If you loved the original "Space Jam" in 1996 -- and box-office numbers and digital cult status for the animated-live-action hoops hybrid suggests you did -- chances are you'll be flying high with "Space Jam: A New Legacy," the sequel out this week in theaters and on HBO Max.
Critics will get picky, of course. It's what we do when an alleged creative enterprise turns into a corporate ad campaign.
But that's no big deal to the follow-up's target audience of eager kids. All they want is to eyeball a basketball icon -- LeBron James taking over the star spot from Michael Jordan -- jamming in cyberspace with Bugs Bunny, Daffy Duck and other Looney Tunes royalty.
And that's what they get when King James, the Los Angeles Lakers legend, and his fictional son Dom (Cedric Joe) are hijacked by Al-G Rhythm (Don Cheadle), a rogue computer who pits James and his Looney Tuners against his own Goon Squad -- hoop greats Anthony Davis, Chris Paul, Damian Lillard, Diana Taurasi and Nneka Ogwumike like you've never seen them before.
They also get six writers teaming up on a chaotic plot that pivots on Al-G colluding with Warner Bros. executives to digitalize LeBron and zap him into an algorithm where he can interact with classic studio characters from King Kong, Superman and Beetlejuice to Harry Potter, Pennywise the clown and the cast of "Game of Thrones." Ka-ching!
To his credit, LeBron thinks it's a dumb idea.
"Athletes acting, that never goes well," he remarks sagely.
So AI-G snatches Dom, the boy who'd rather design video games than follow in dad's footsteps, leaving family man LeBron no choice but to come to the rescue and play ball.

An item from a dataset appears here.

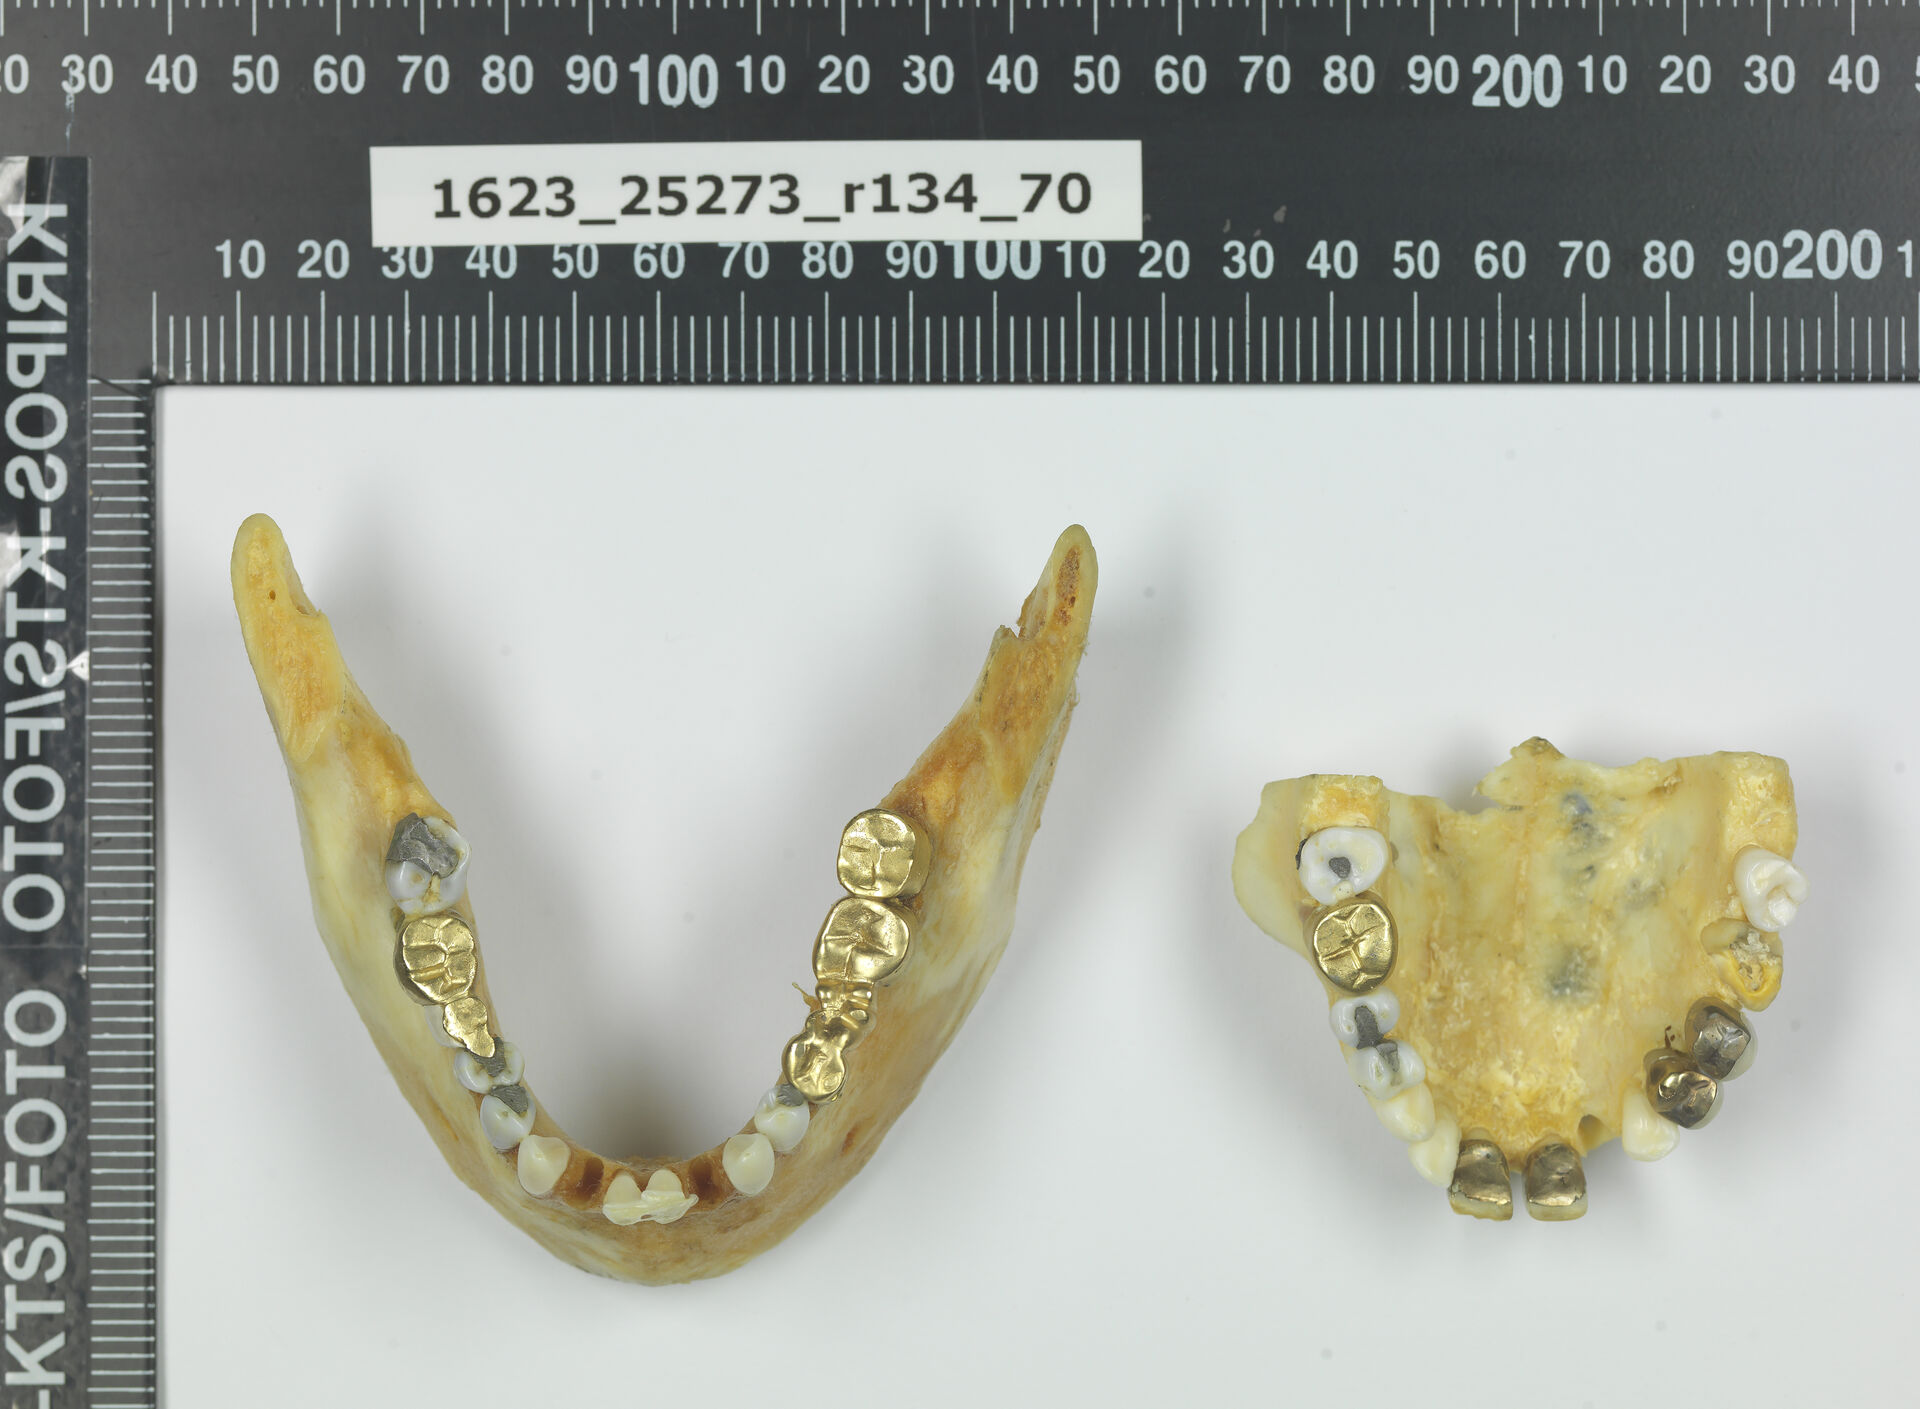 Det var gjort en god del arbeid på tannsettet til «Isdalskvinnen», blant annet en rekke gullbroer som ikke var typisk for norsk tannbehandling.

Download the all new "Popcorn With Peter Travers" podcasts on Apple Podcasts, Spotify, Tunein, Google Play Music and Stitcher.
It also leaves "Space Jam: A New Legacy" no choice but to become the dumb movie LeBron feared. How are kids supposed to relate to scenes set in 1943s uber-romantic "Casablanca" or 1971's ultra-violent "A Clockwork Orange"? Parents, you'll have some explaining to do.
Director Malcolm D. Lee ("Girls Trip") does his best to dodge the conceptual pitfalls, finding a few giggles when Wile E. Coyote joins a chase scene from "Mad Max: Fury Road." And it's fun to see Lola Bunny, zippily voiced by Zendaya and less sexualized than the '90s version, mix it up with Wonder Woman (yes, they're both part of the Warner Bros. family).
Things hit a wall in the jumbled second half of the movie (a full 30 minutes longer than the original), which is devoted almost entirely to the basketball showdown between the Tuners and the Goon Squad. LeBron needs a win to escape from digital hell and return to human form.
Lee throws everything he has at the screen trying to produce a cartoon version of the corporate synergy achieved by "Avengers: Endgame." It's no go. This mashup of corporate product placement is less a slam dunk than an overcaffeinated exercise in excess.
There are still enough scenes of giddy court action and father-son connection to hold the under-13 crowd -- viewers unlikely to notice, at least not yet, that the movie mostly exists as a big-studio branding extravaganza to promote its intellectual properties.
The rest of us, too exhausted to join the IP cheering section that insanely includes Bette Davis' Baby Jane and the flying monkeys from "The Wizard of Oz," will be waiting for Porky Pig to speak those immortal words, "That's all folks."